E.g. when people give advice on social media ("Be more selfish," "be less selfish," "go easy on yourself," "don't give up") they have a certain kind of person in mind who they think would benefit from being more or less selfish, going easier or harder on themselves. Obviously, some people need the opposite message, some people are already too easy on themselves or too selfish.

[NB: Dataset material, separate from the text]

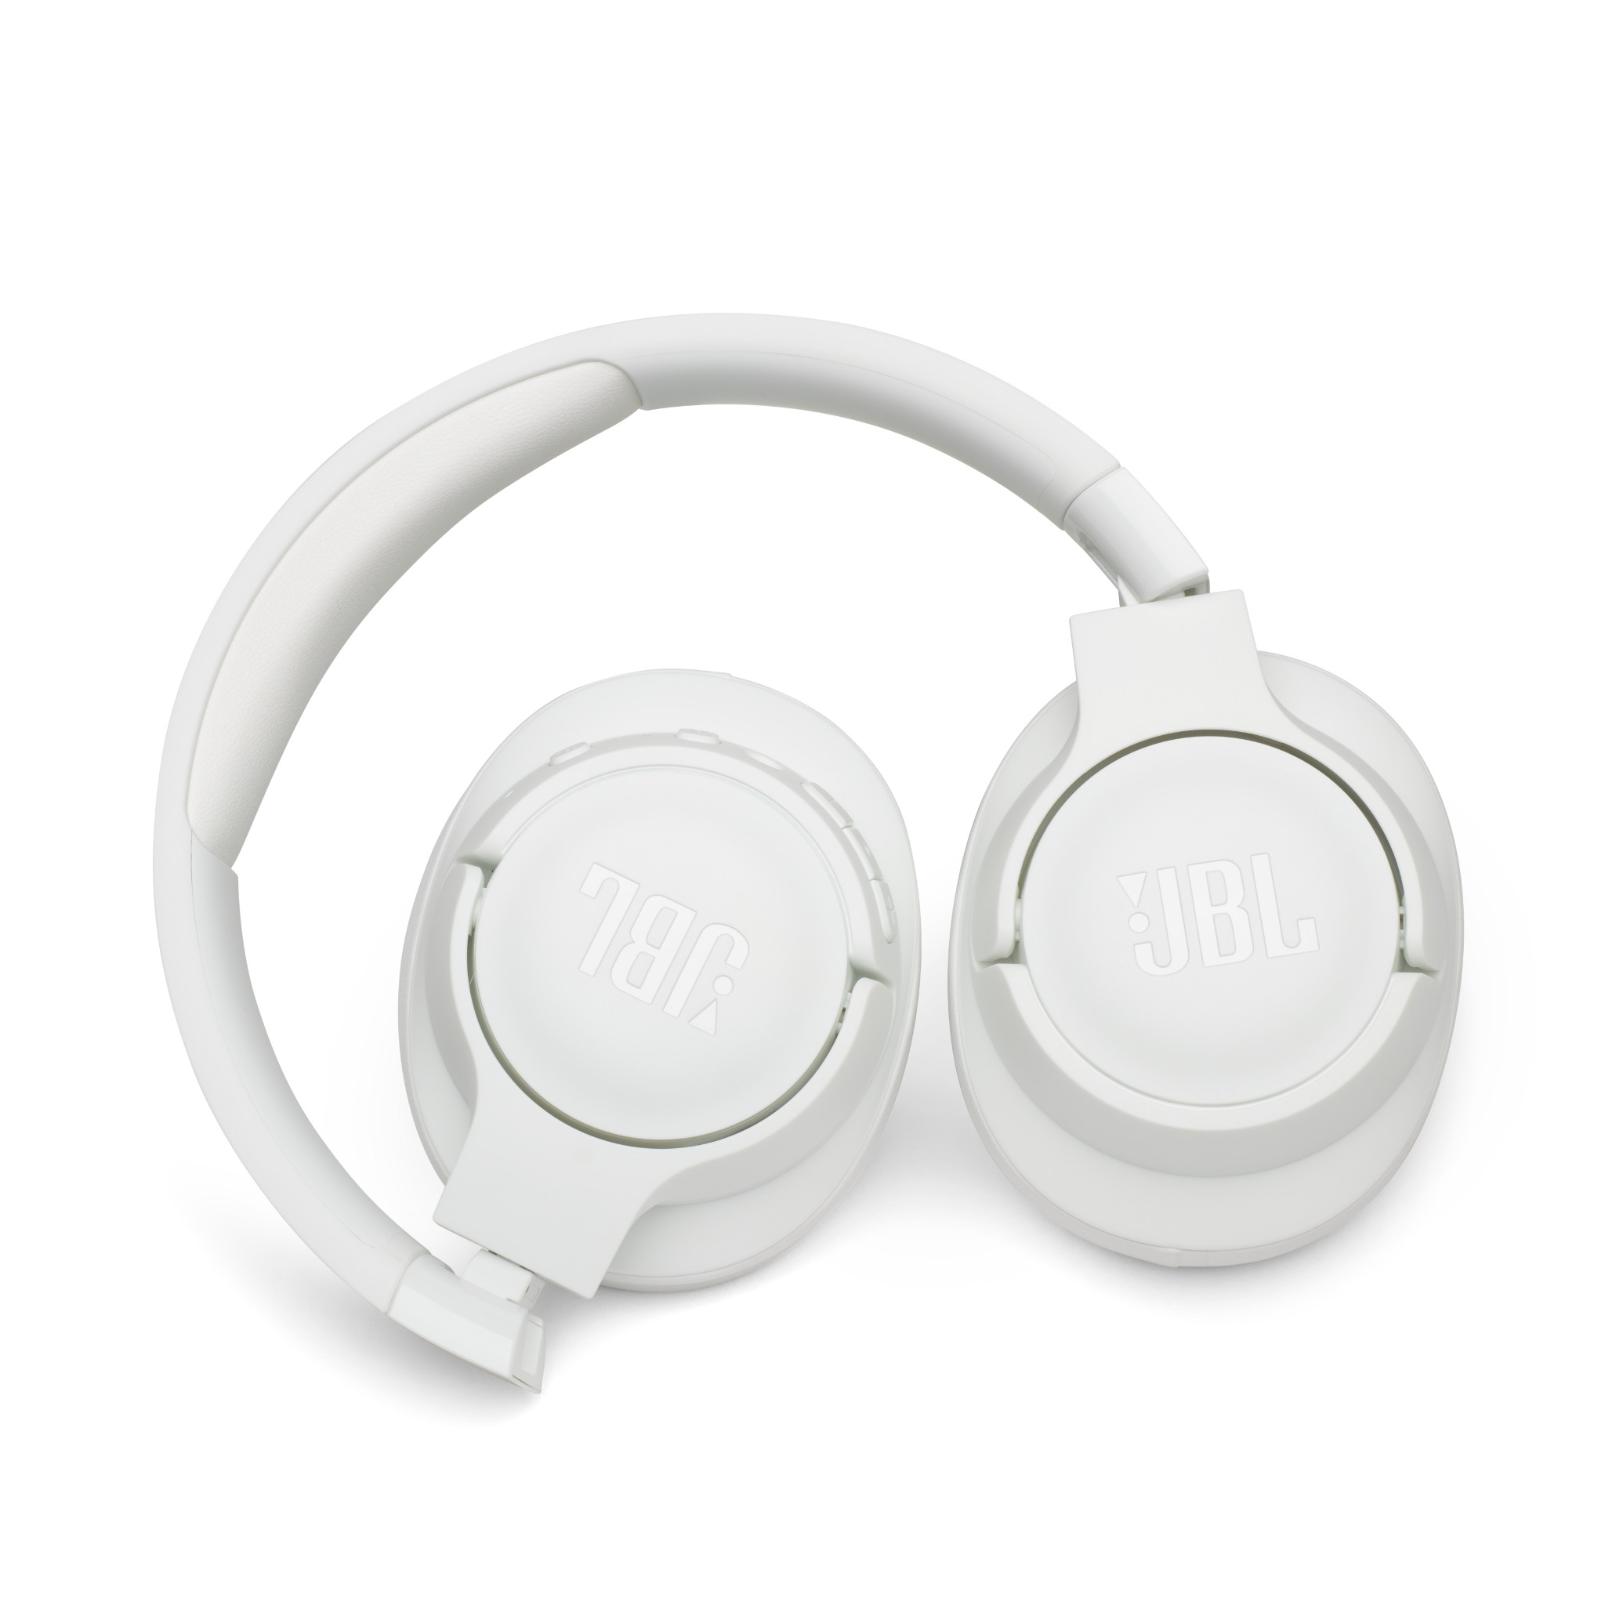 JBL TUNE 750BTNC - White - Wireless Over-Ear ANC Headphones - Detailshot 1

But how do you specify who those people are? Perhaps if you're writing a book you can dedicate a chapter to "how to tell if you're the kind of person for whom this advice is meant." But few have the patience or desire to spell it out. Far easier, and more grand, to appeal to the universal. Our language evolved in more local contexts, where we spoke to specific people, often people we knew intimately. Now that's all changed, and each of us is suddenly a politician, an orator, a propagandist, an advertiser to the masses. The language must continue evolving.
 

sus

Well-known member
And writers of course have always done this, appealed to the universal when in reality they were describing a specific class of people, addressed all their readers when they had a particular subset in mind.

Very naughty but hardly unique to the author in question.
 

sus

Well-known member
Anyway, the point is that any time you abolish old roles, and their associated meaning-myths, of course you're going to have a sort of vacuum, and you need to provide alternate myths, and this is not remotely incompatible with supporting gender equality

Our author in question may be slightly hysterical but let's not pretend to not understand what he means
 

IdleRich

IdleRich
Oh far from it. It's just that for me, I find that as I get older and the more I learn, the more complex and hard to pin down, sum up and understand the world becomes. And I become increasingly suspicious of certainties and those who profess to have them.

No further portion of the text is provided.